First we’ll need to create directories for the certificate and the private key to live in:

mkdir -p /usr/local/etc/pki/tls/private
mkdir -p /usr/local/etc/pki/tls/certs

Then create the cert itself. In the openssl command below, replace ${HOST_NAME} with the hostname you’ll use to reach this installation over your LAN. If you have a cert from a commercial CA, put its private key in /usr/local/etc/pki/tls/private/privkey.pem, and its “full chain” (your own certificate and any intermediate certs, combined into one file) in /usr/local/etc/pki/tls/certs/fullchain.pem, and don’t run the command below.

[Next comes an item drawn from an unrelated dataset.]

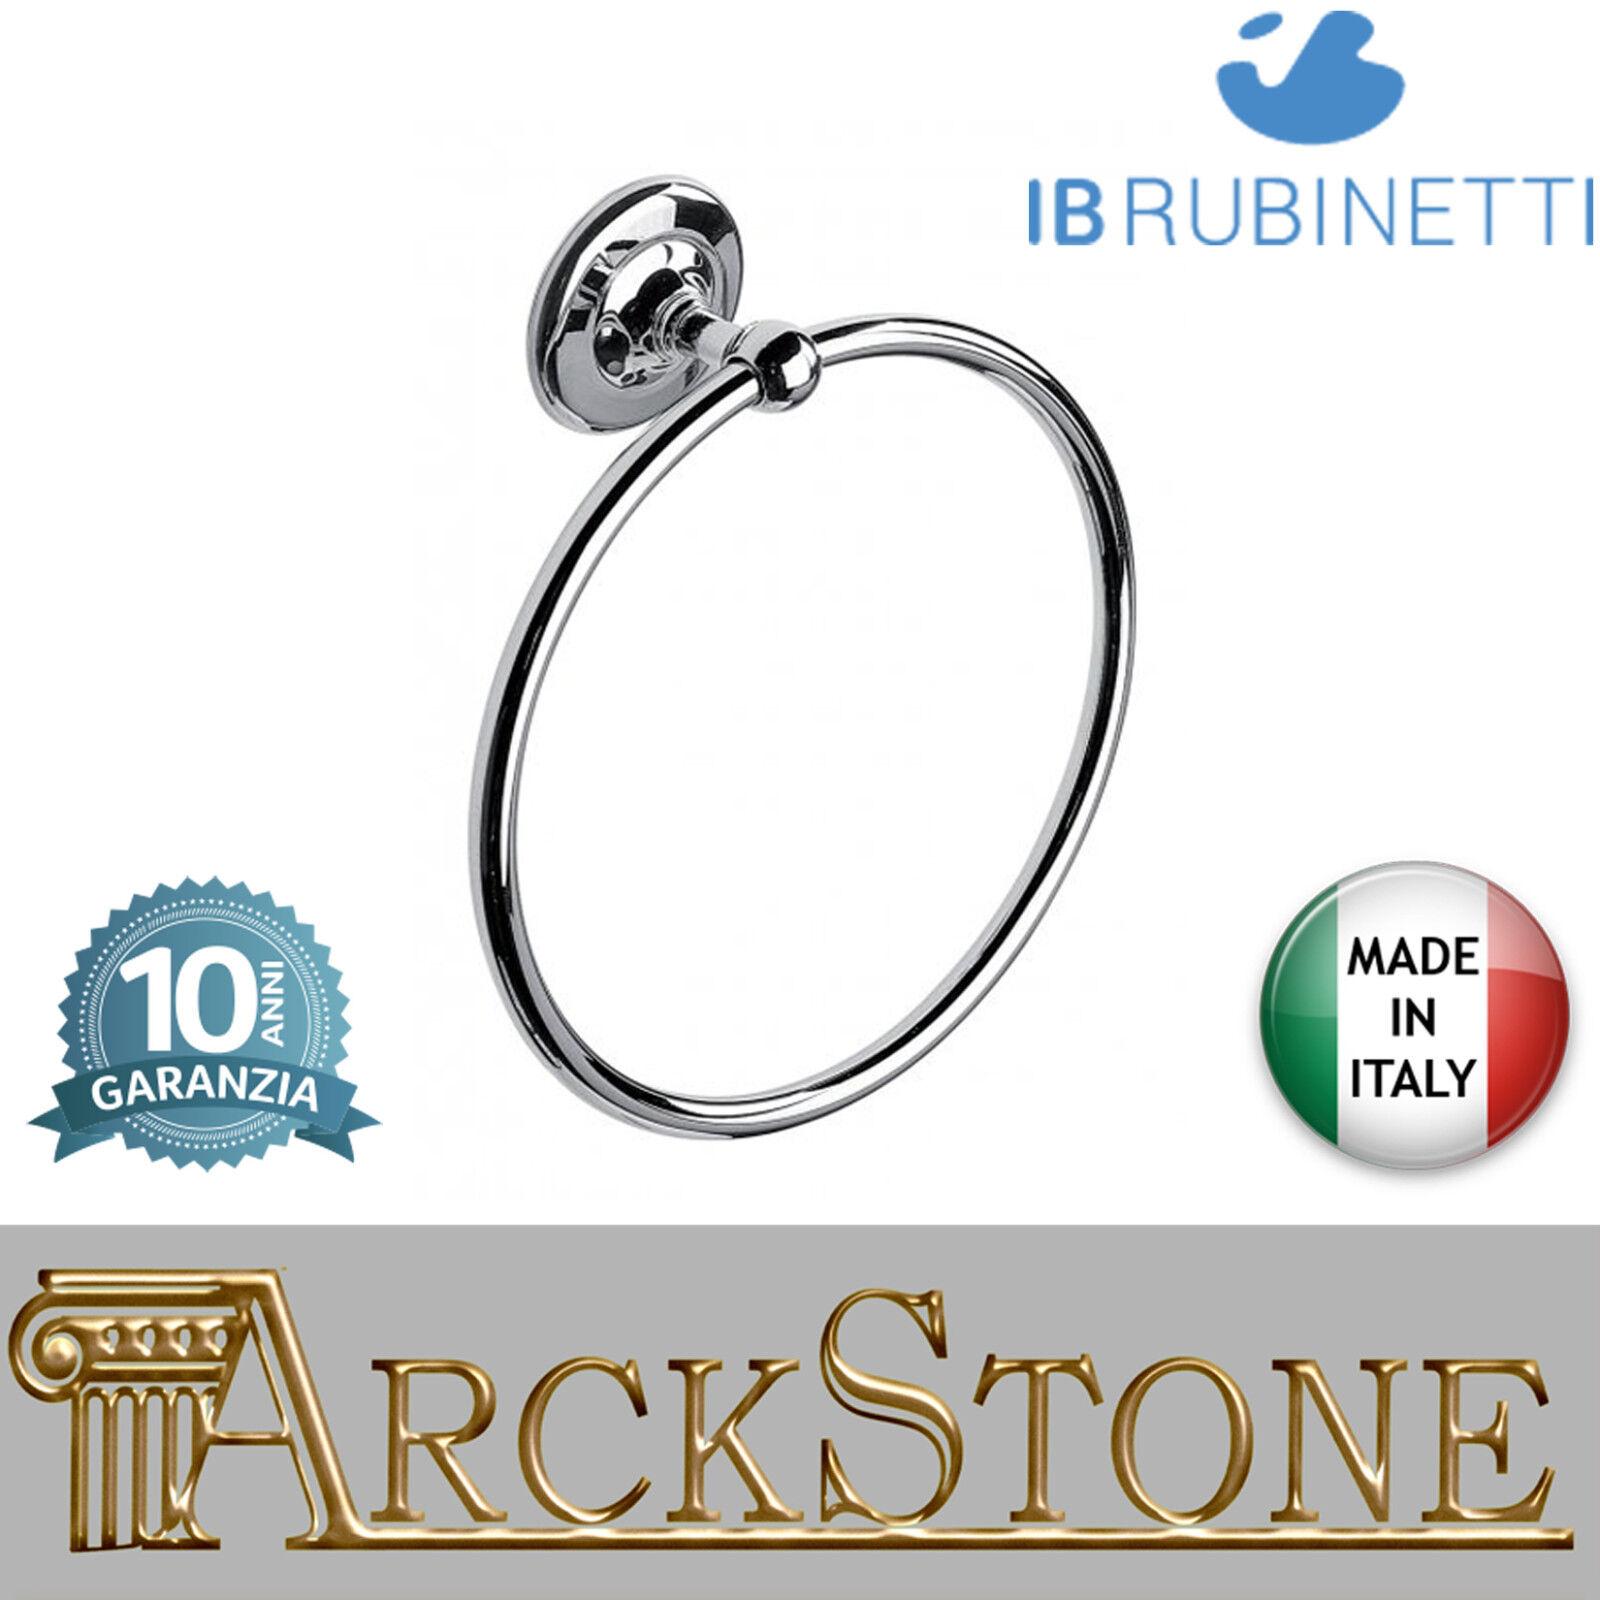 Tür asciugamano anello parete in ottone cromato IB Rubinetti Hermes accessori
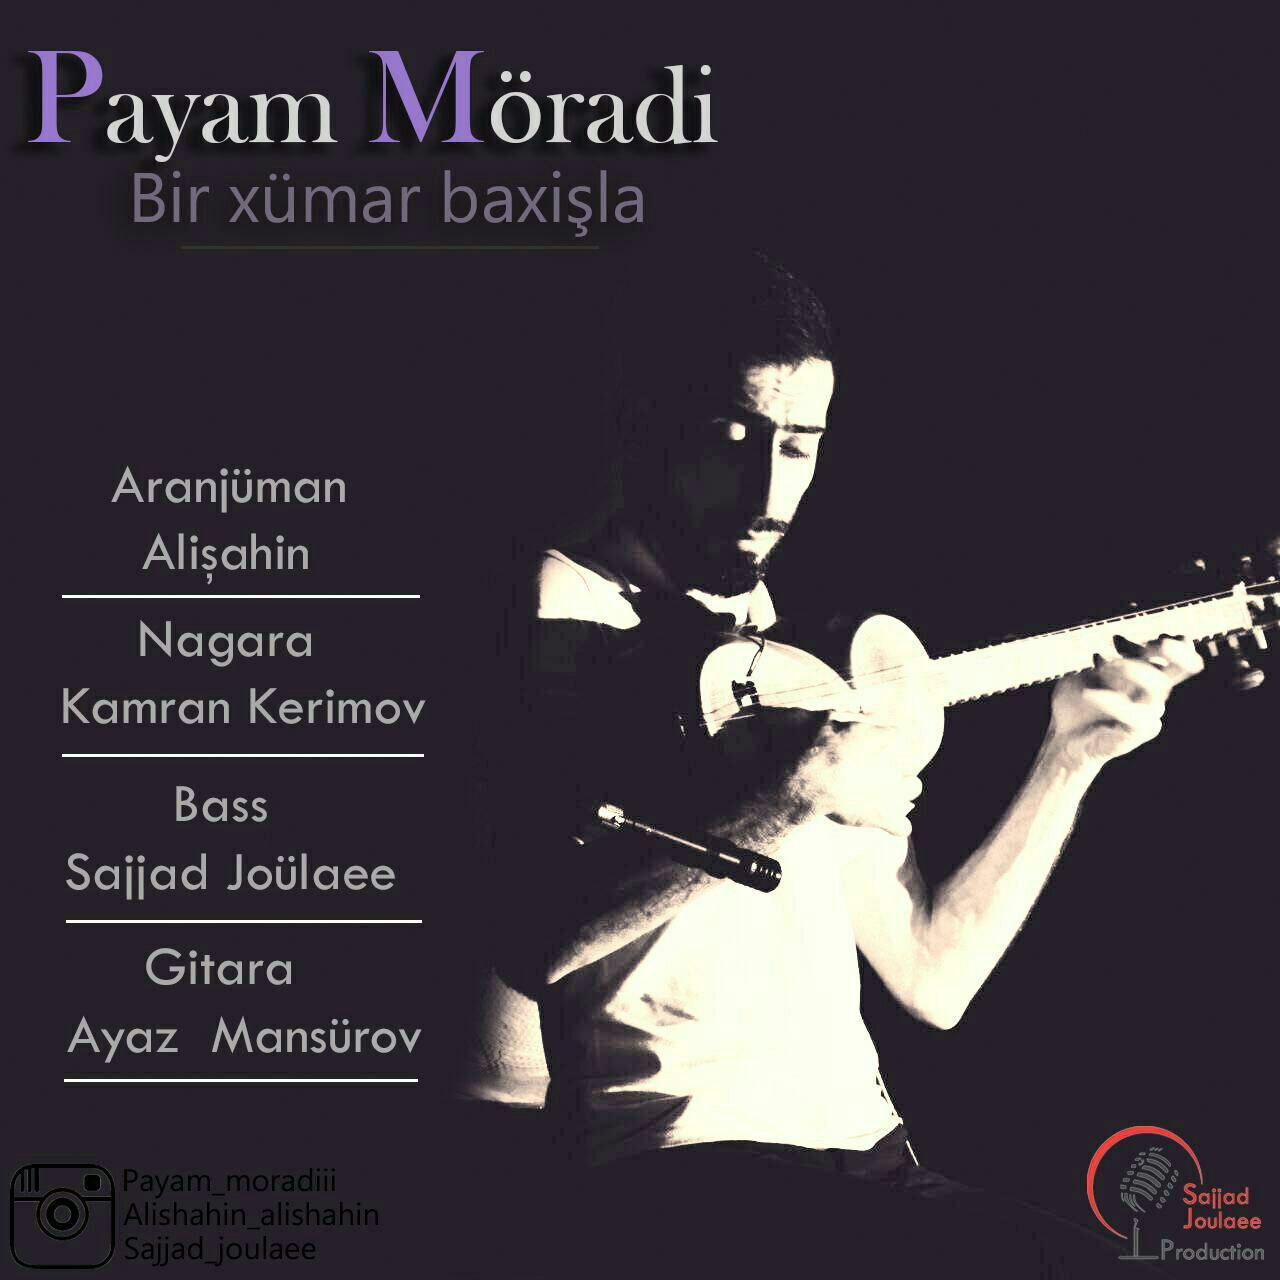 http://s8.picofile.com/file/8277519234/6Payam_Moradi.jpg

openssl req -new -newkey rsa:4096 -days 3650 -nodes -x509 -subj "/C=US/ST=Denial/L=Springfield/O=Dis/CN=${HOST_NAME}" -keyout /usr/local/etc/pki/tls/private/privkey.pem -out /usr/local/etc/pki/tls/certs/fullchain.pem

Then create the Caddyfile. Run nano /usr/local/www/Caddyfile. Its contents should look like this:

firefly.local {

	root /usr/local/www/firefly-iii/public
	log /var/log/firefly_access.log
	errors /var/log/firefly_errors.log

	tls tls /usr/local/etc/pki/tls/certs/fullchain.pem /usr/local/etc/pki/tls/private/privkey.pem

	gzip
	fastcgi / 127.0.0.1:9000 php

	rewrite {
		to {path} {path}/ /index.php?{1}
	}

}

Test it out

All the installation and configuration are complete. Start PHP and Caddy by running service php-fpm start followed by service caddy start. Browse to your jail and you should be ready to go.

2 Likes

Hi dan35,

First of all thank you for this guide. I’ve been following it, or at least trying to follow it as best as I can. However, I’m running into a lot of problems considering the php packages have been updated from 7.3 to 8.1. Is there any chance you could update this guide so that it would work with 8.1? Thank you in advance!